In 2007 Clint Bowyer scraped into The Chase in twelth place and then won the first race at Loudon. Three years later and he has done the same again so you can understand his feeling of deja vu. He went on to finish third in the Championship in ’07 so hopes to do at least as well, if not better, this time around.
Bowyer led more laps on Sunday night than he has altogether in the previous 26 races this year but felt that in the number 33 Cheerios/Hamburger Helper Chevrolet he had a really good car underneath him apart from a carburation problem making the engine fluff a little on restarts and giving the other drivers a chance to get round him. And it’s that very problem which might well have won him the race as he spent the last fifty laps chasing down Tony Stewart. Bowyer was told to chase him down at the same time as being told to conserve fuel, coming on the radio to say, “I can do one or other but I can’t do both!” He said afterwards that one advantage of getting to know your Crew Chief was understanding what they were really telling you. He could hear the nervousness in Shane Wilson’s voice so opted to run in fuel saving mode hoping Stewart in the Office Depot/Old Spice Chevrolet might run out of fuel before the end and, with two laps to go that is exactly what happened.
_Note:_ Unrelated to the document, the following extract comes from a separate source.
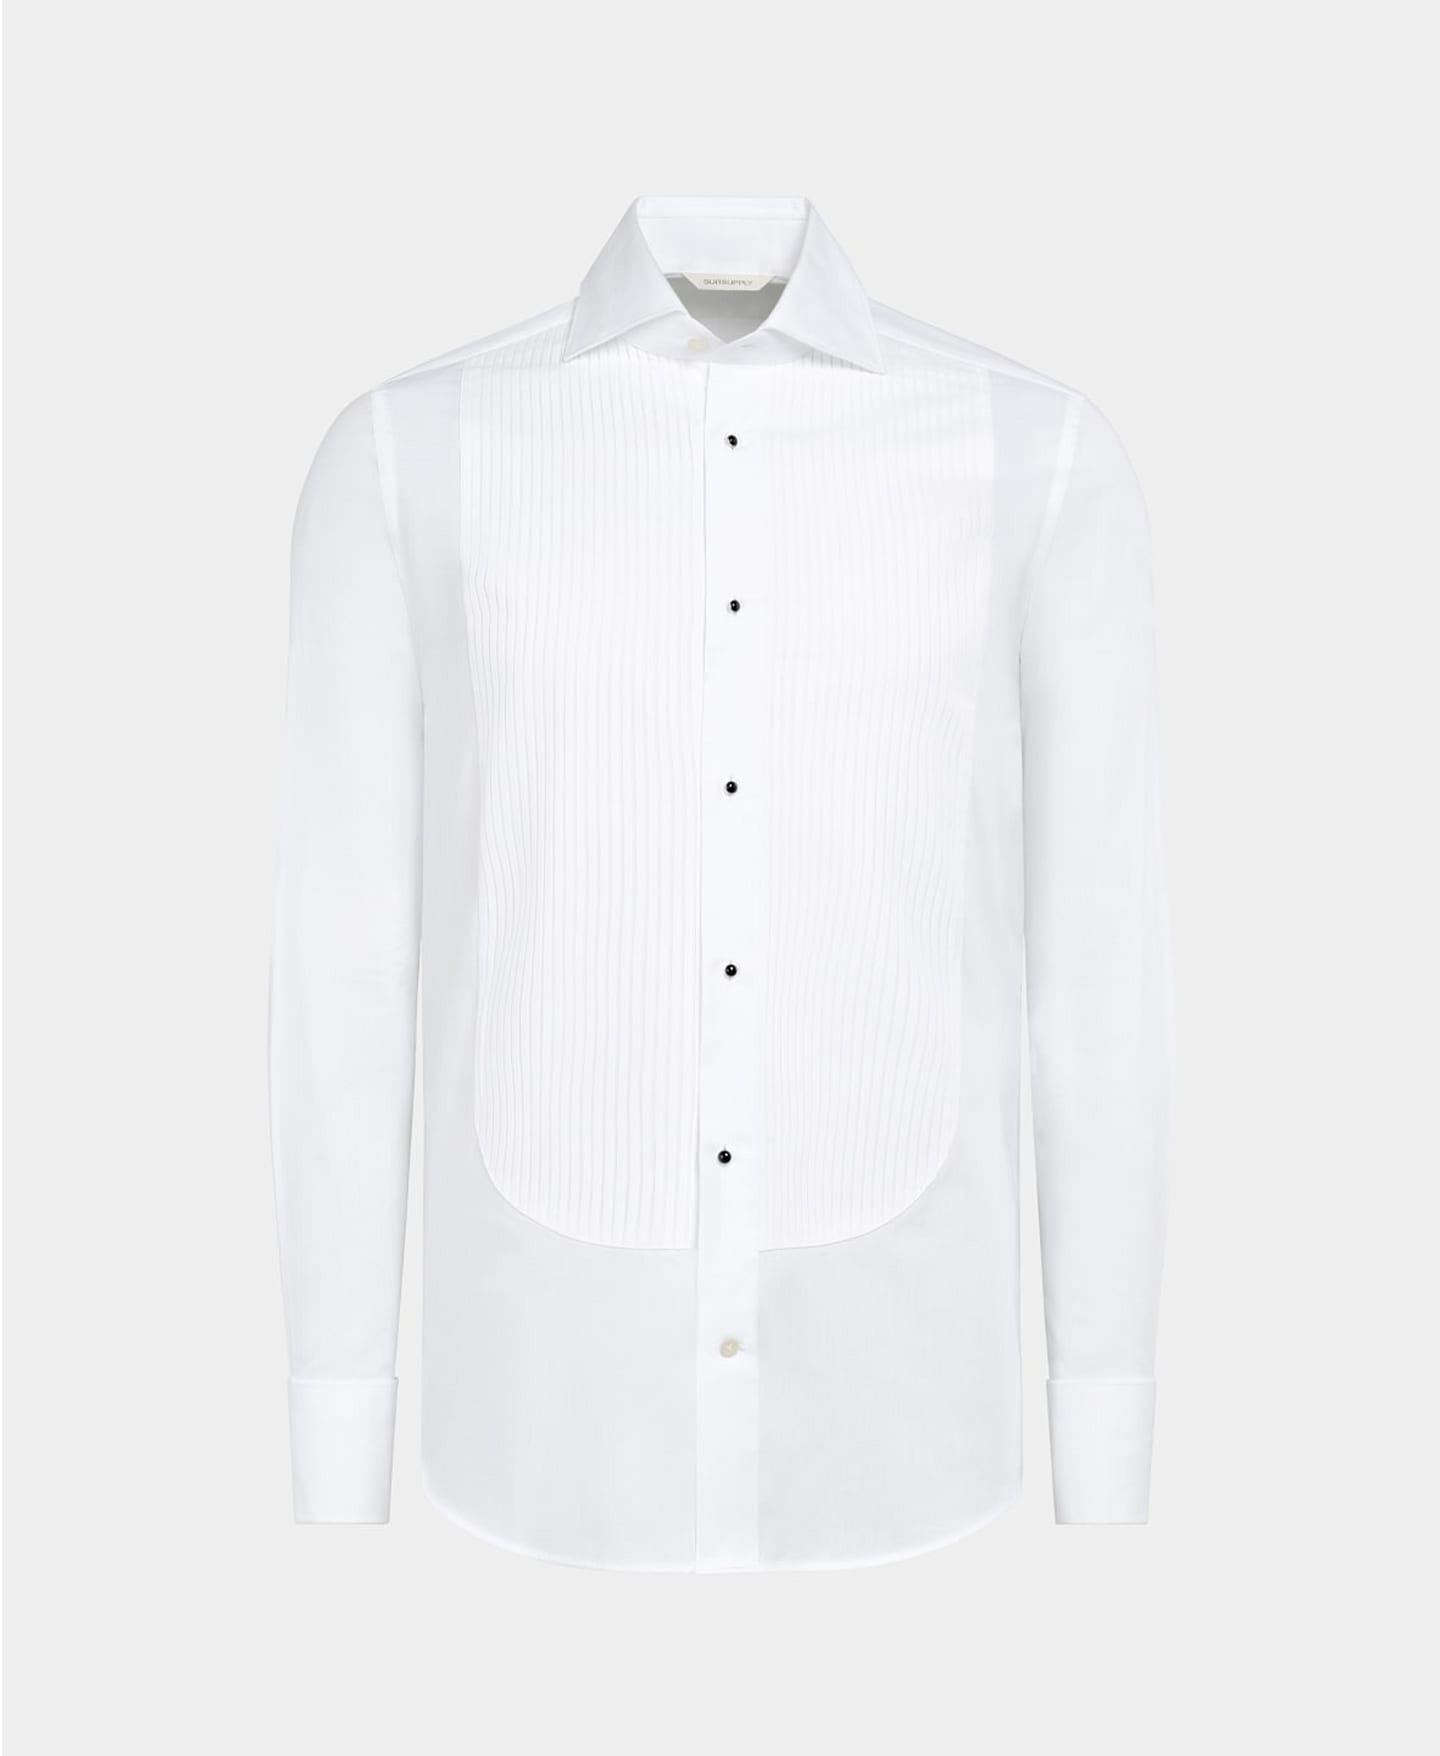 Camicia da smoking bianca con petto plissettato e bottoni a pressione neri in smalto.
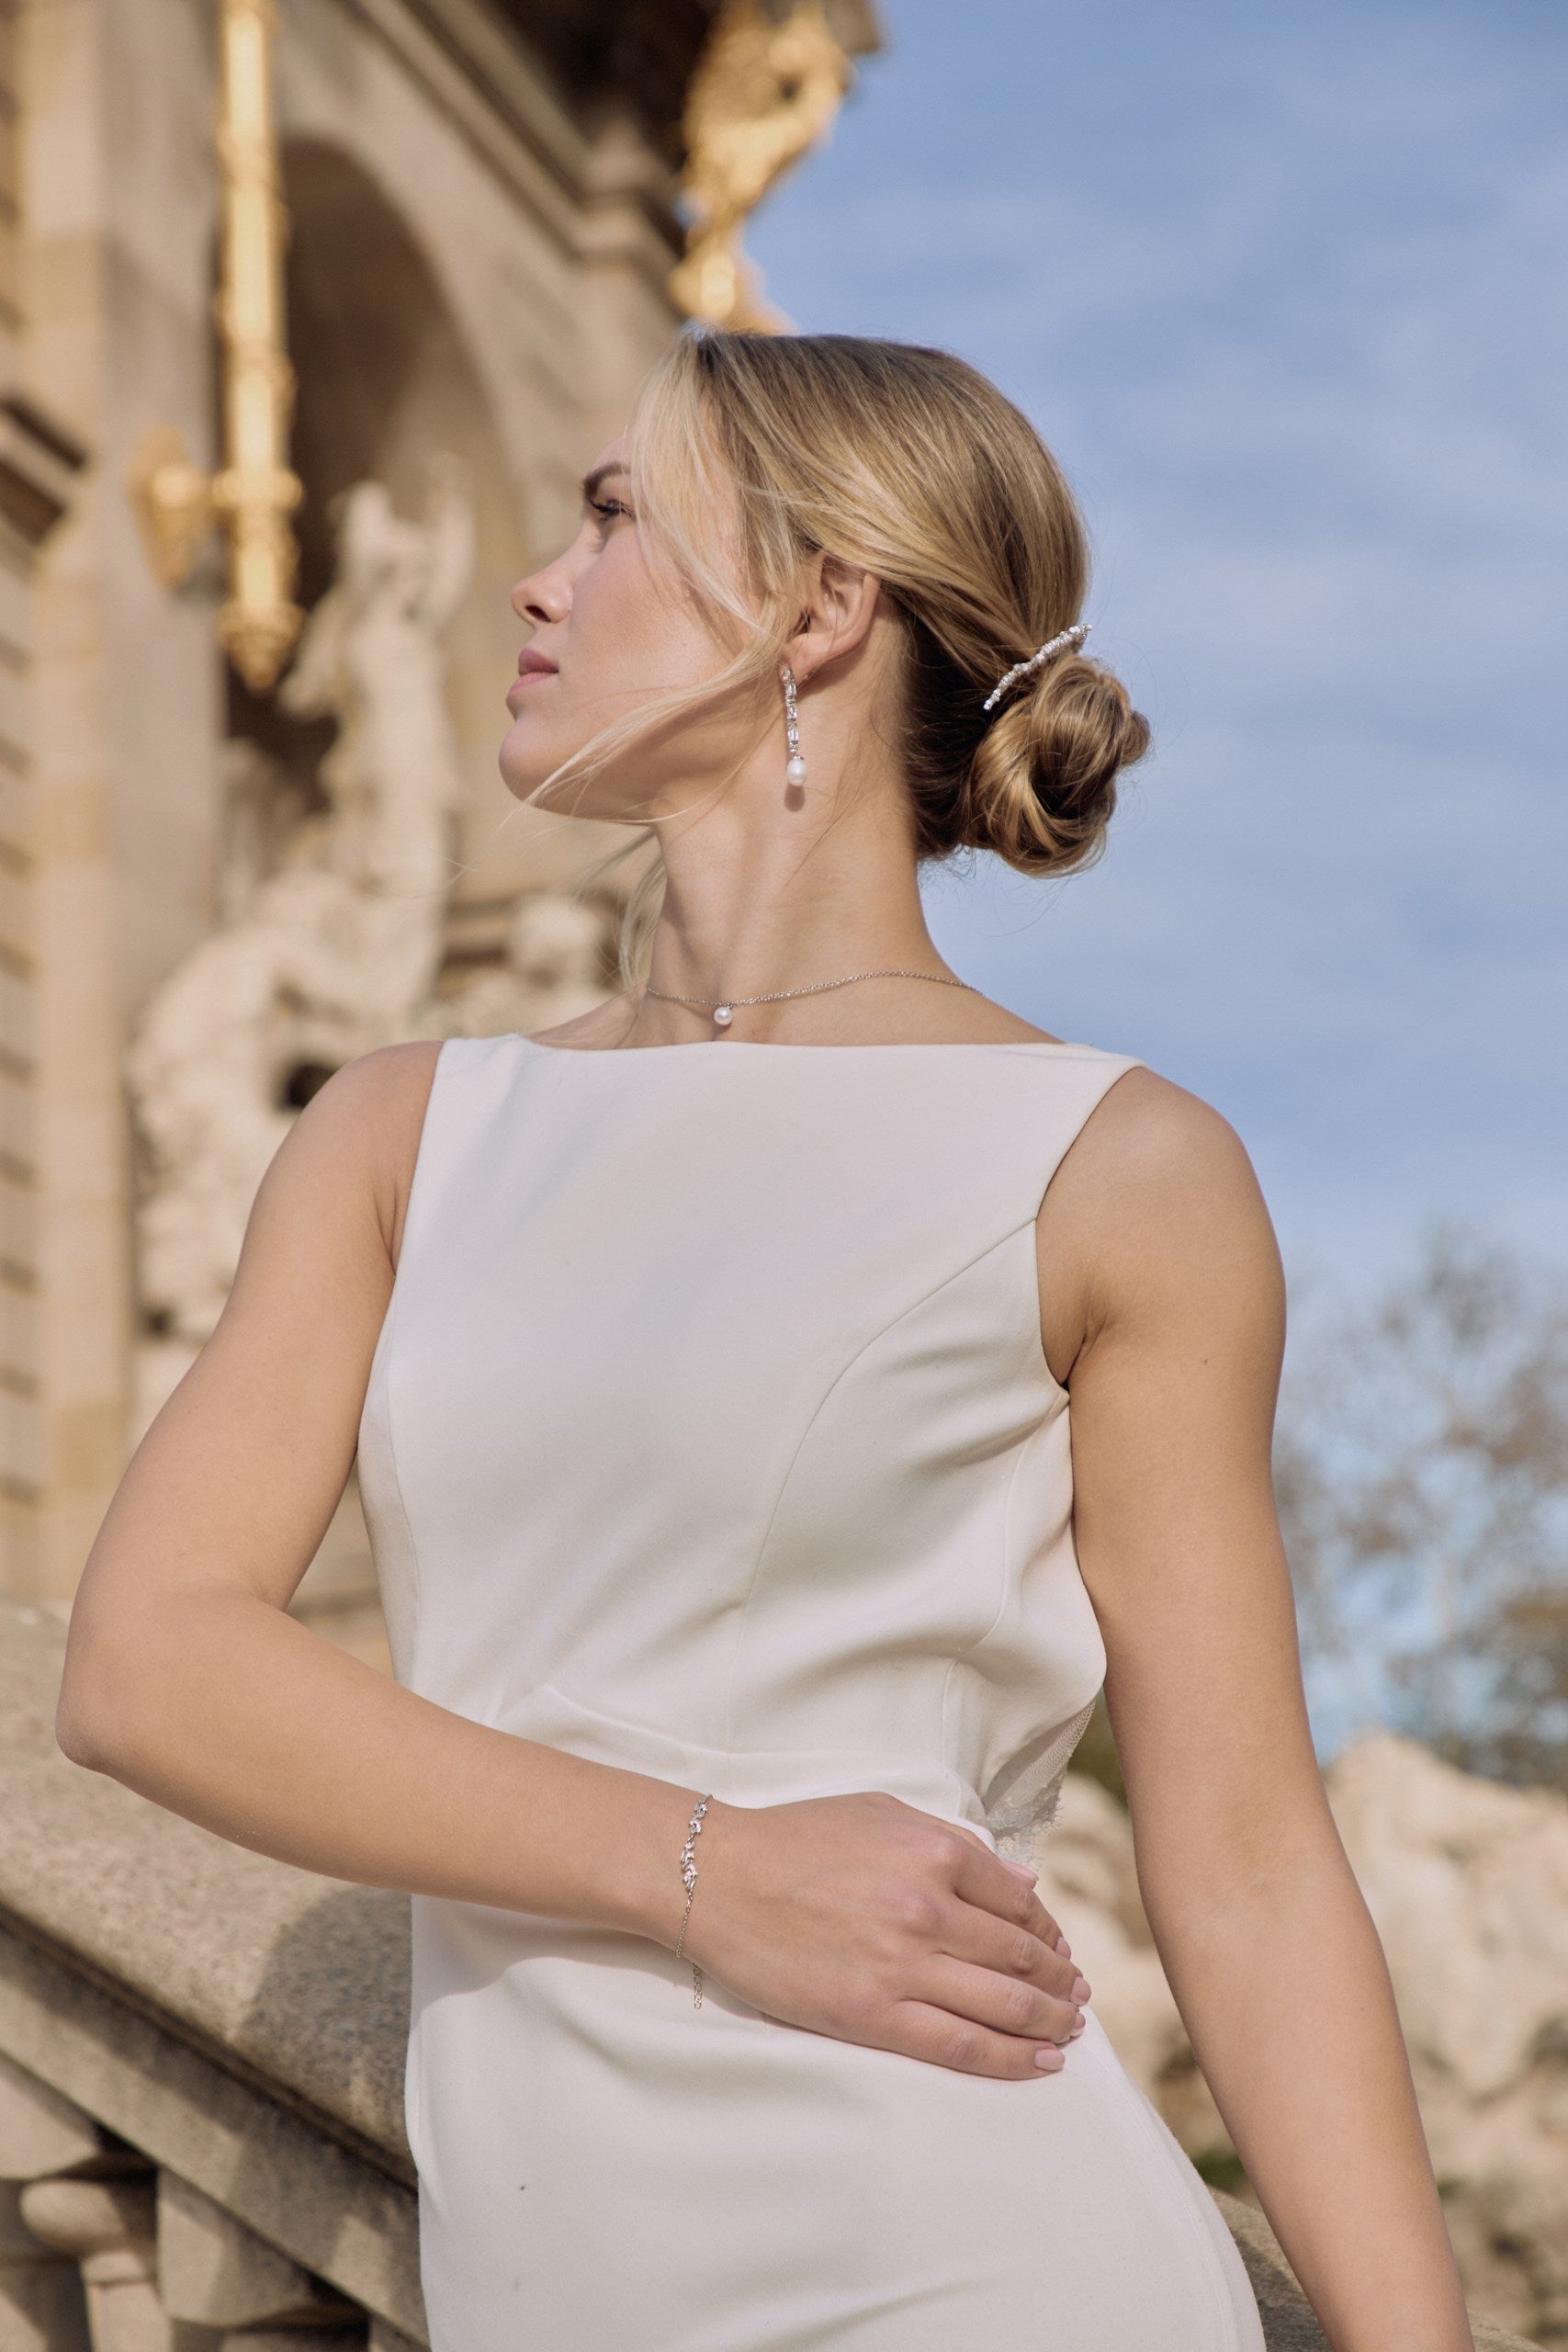 Femme de face avec sa tête de profil mettant en avant le bracelet qu'elle porte au poignet, son collier de dos ras de cou et ses boucles d'oreilles

Tony Stewart, having led for a total of 100 laps, ended up in 24th place and from potentially finishing the day in second place in The Chase found himself in 11th. Stewart had the grace to say afterwards that it was he who ran the car out of fuel, not his team, and it must have been galling to see Bowyer run out of fuel himself whilst performing his victory donuts on the start-finish straight. Less than four pints of fuel was the difference between winning and losing.
Denny Hamlin fought his way up to third earlier in the race only to be spun out by Carl Edwards with less than a third of the race to go sending him back to 22nd in the field. However, the resulting pitstop meant he was one of the few drivers confident that he had enough fuel to fight to the end and brought the FedEx Toyota up to a fine second place pushing the leader hard all the way, hoping he too would run out of fuel, as he crossed the two feet wide granite finish line – in The Granite State – for some valuable points to keep himself in the Championship lead, 35 points ahead of Bowyer who climbed from twelth to second.
Jamie McMurray came third in the McDonald’s Chevrolet, troubled by a splitter hitting the ground if he braked hard and so losing him ground going into the turns. Dale Earhardt Jr. in the number 88 Chevrolet climbed a massive 28 places from 32nd on the grid to finish up in a fine fourth place.
Fifth was Kevin Harvick giving Richard Childress Racing its second car in the top five but complaining bitterly to his crew for most of the race after only being given two tyres in his first pitstop and then losing valuable seconds during the second stop. As so often happens with the driver of the number 29 Shell/Pennzoil Chevrolet, though, when he’s least happy he seems to get his best results and his fifth place keeps him third in the Championship just forty-five points behind Hamlin.
Of the other Chase runners, Jeff Gordon finished in a solid 6th place, Kyle Busch – having won the Camping World Truck race on Saturday with a tough pass on James Buescher on the Green/White/Checker restart – came in 9th, Carl Edwards 11th despite seeming to be involved in a multitude of incidents and Kurt Busch made it into 13th place. Jeff Burton was another to run out of fuel on the second to last lap which dropped him from a top ten finish back to 15th place and Greg Biffle was 17th.
Matt Kenseth, TonyStewart and Jimmie Johnson hold positions 23 to 25 and have it all to do if they hope to win The Chase. Johnson had one of those races to forget getting embroiled in other people’s misfortunes and having to make a late pitstop after complaining of a possible loose wheel. Stewart and Johnson in the Lowe’s Chevrolet were the biggest losers in the points table, both dropping five places.
The next round is this Sunday at Dover, a circuit that some drivers really like and others look upon as a bogey track. There’s every chance the driver standings in The Chase could receive another reshuffle.